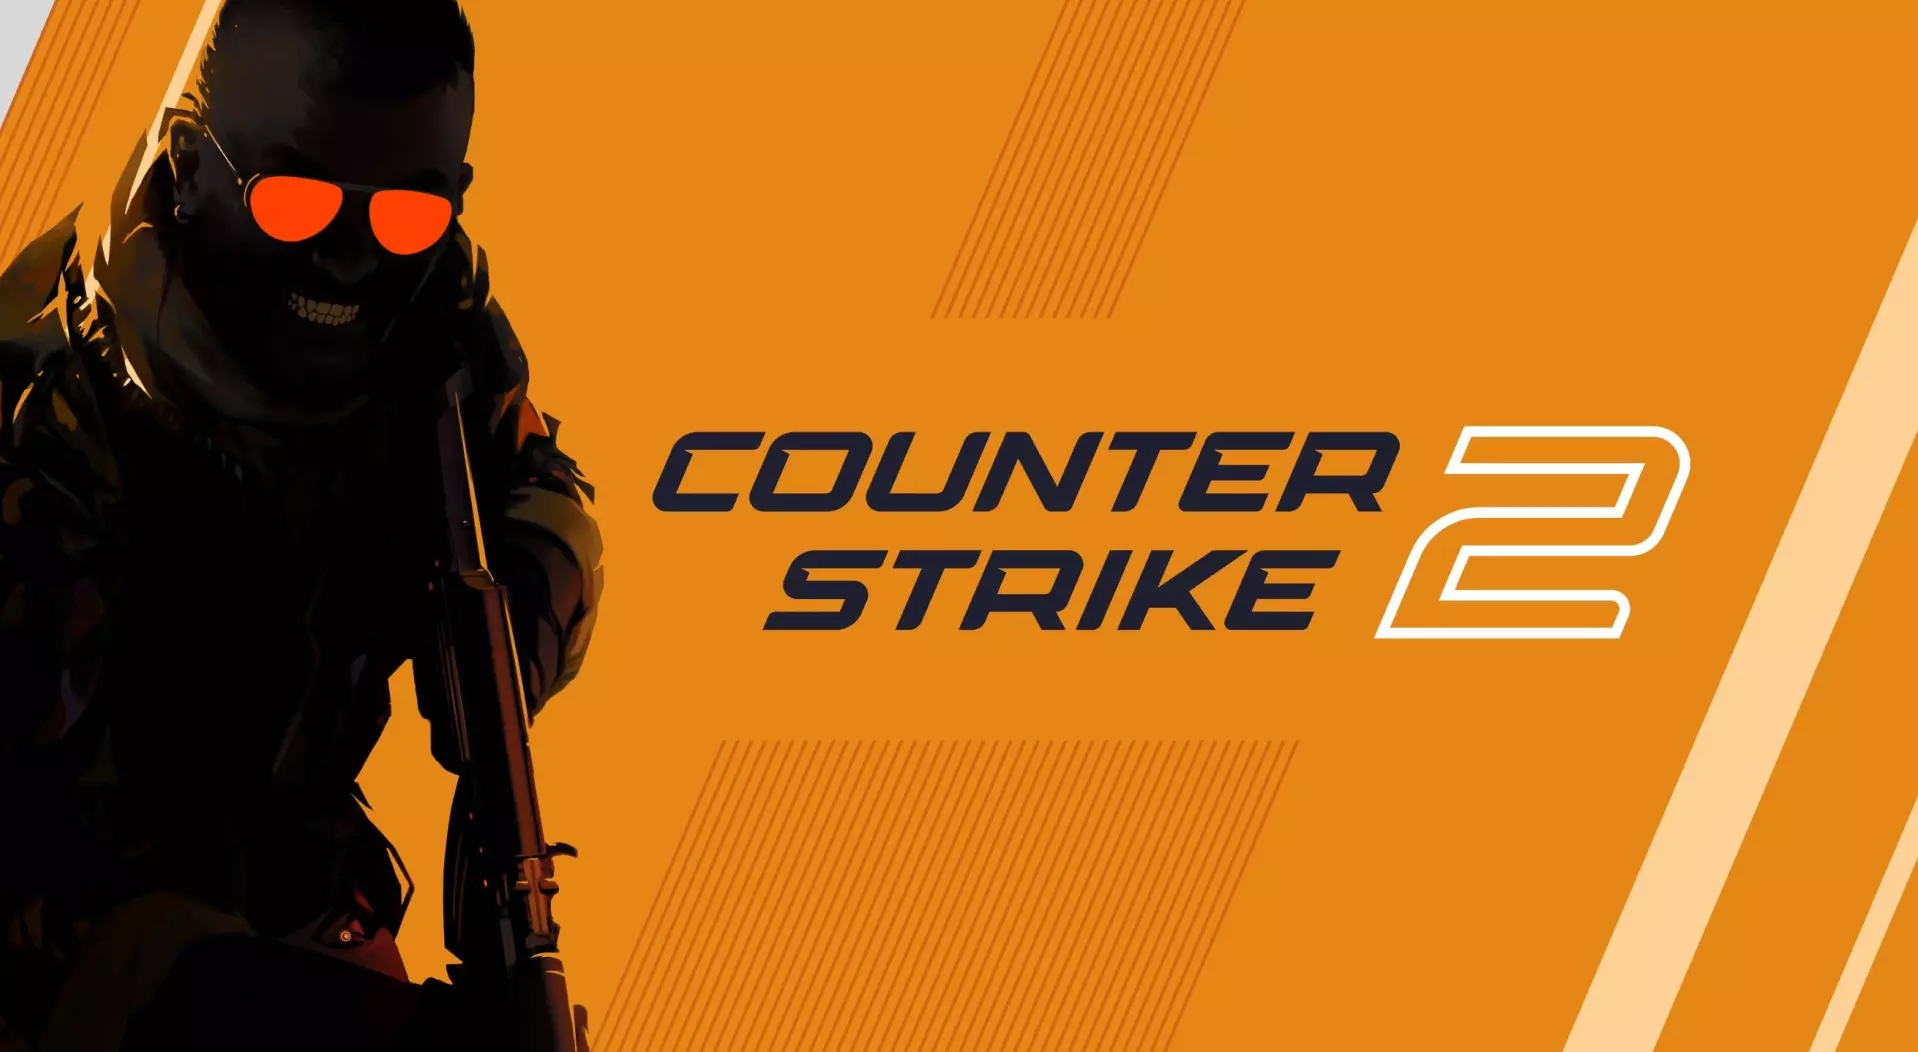 Valve udgiver stor opdatering til Counter-Strike 2 og tilføjer venstrehåndsstyring og meget mere
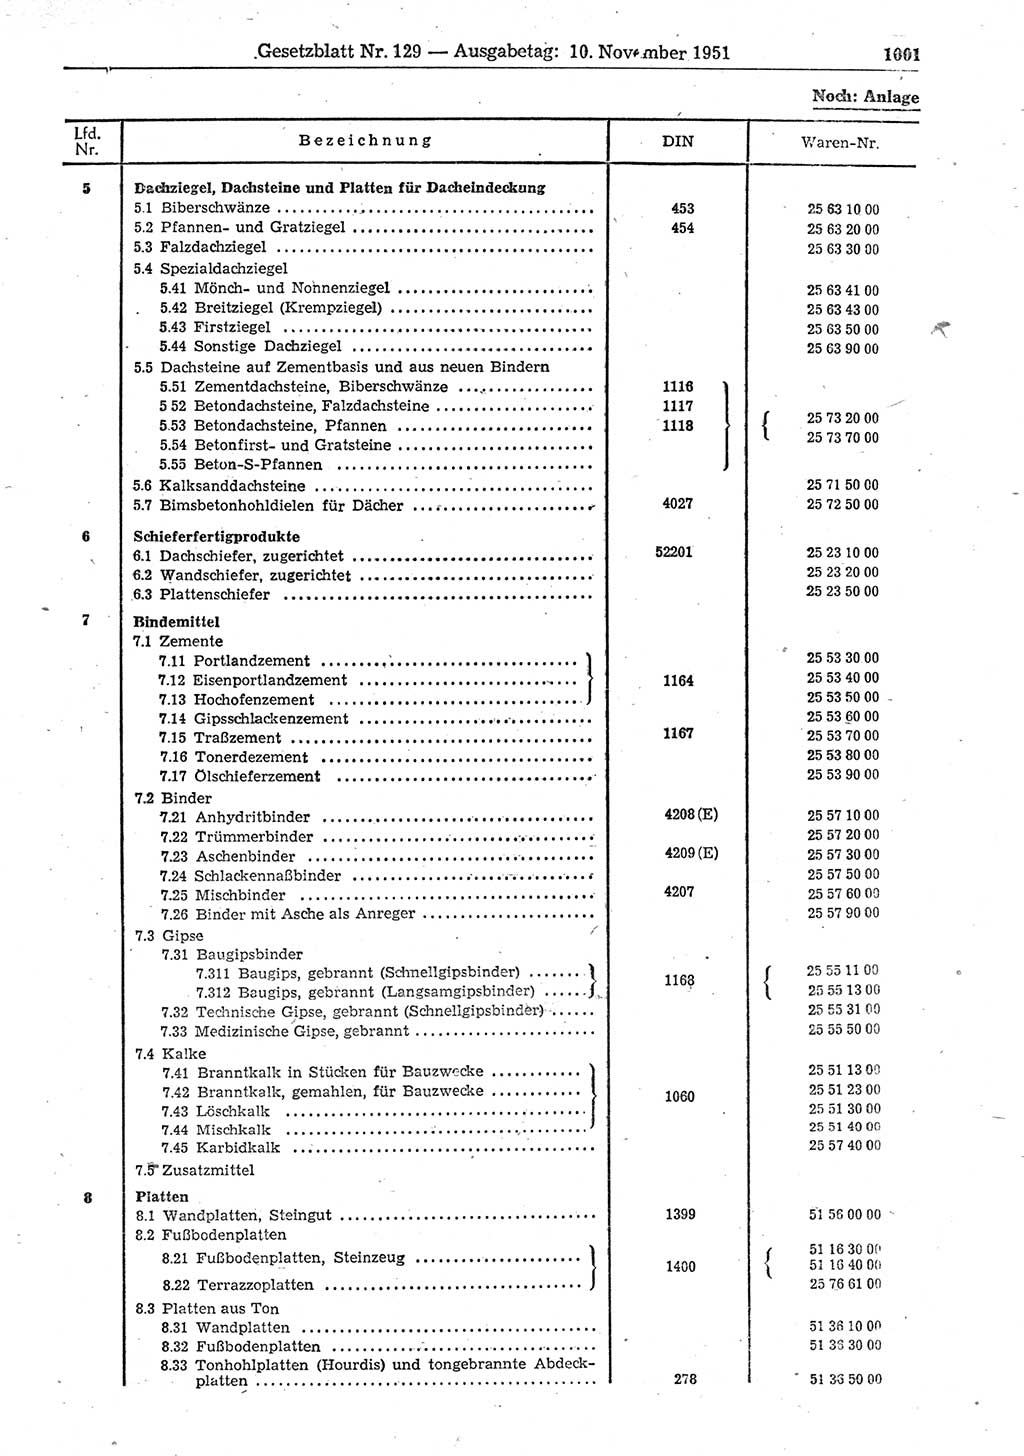 Gesetzblatt (GBl.) der Deutschen Demokratischen Republik (DDR) 1951, Seite 1001 (GBl. DDR 1951, S. 1001)
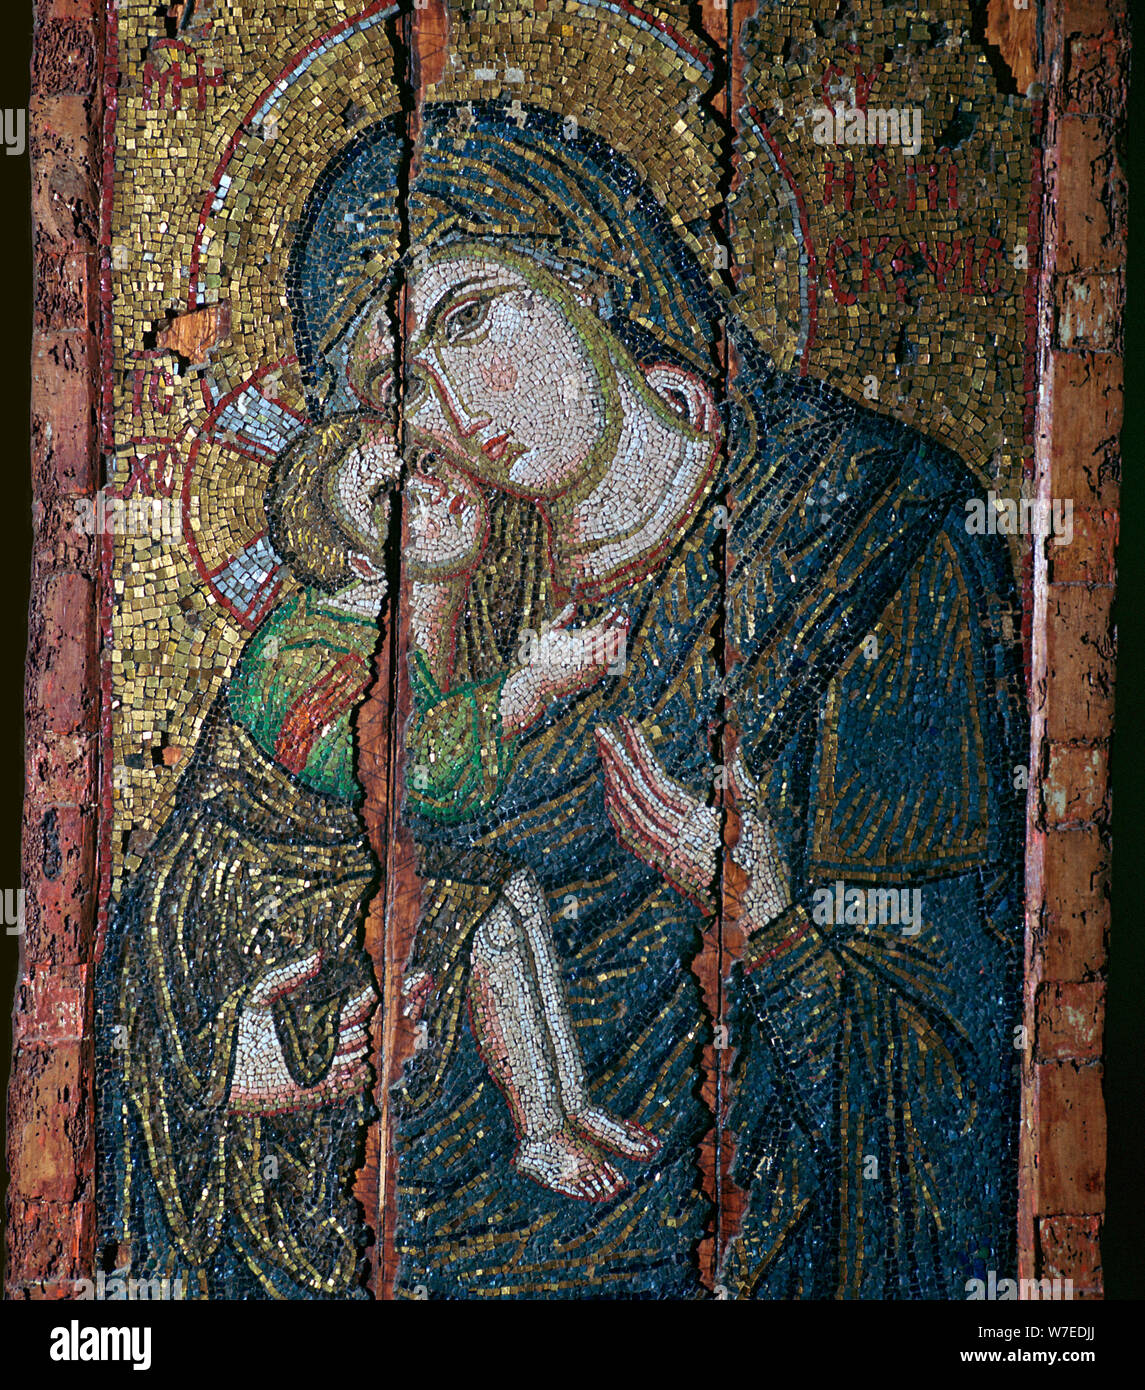 Ikon mosaico della Vergine e il Bambino del XIV secolo. Artista: sconosciuto Foto Stock

Exercise -
Retype the listing exactly. Leave the pictures out.

Answer space -
 Valve udgiver stor opdatering til Counter-Strike 2 og tilføjer venstrehåndsstyring og meget mere
 Gesetzblatt (GBl.) der Deutschen Demokratischen Republik (DDR) 1951, Seite 1001 (GBl. DDR 1951, S. 1001)
 Ikon mosaico della Vergine e il Bambino del XIV secolo. Artista: sconosciuto Foto Stock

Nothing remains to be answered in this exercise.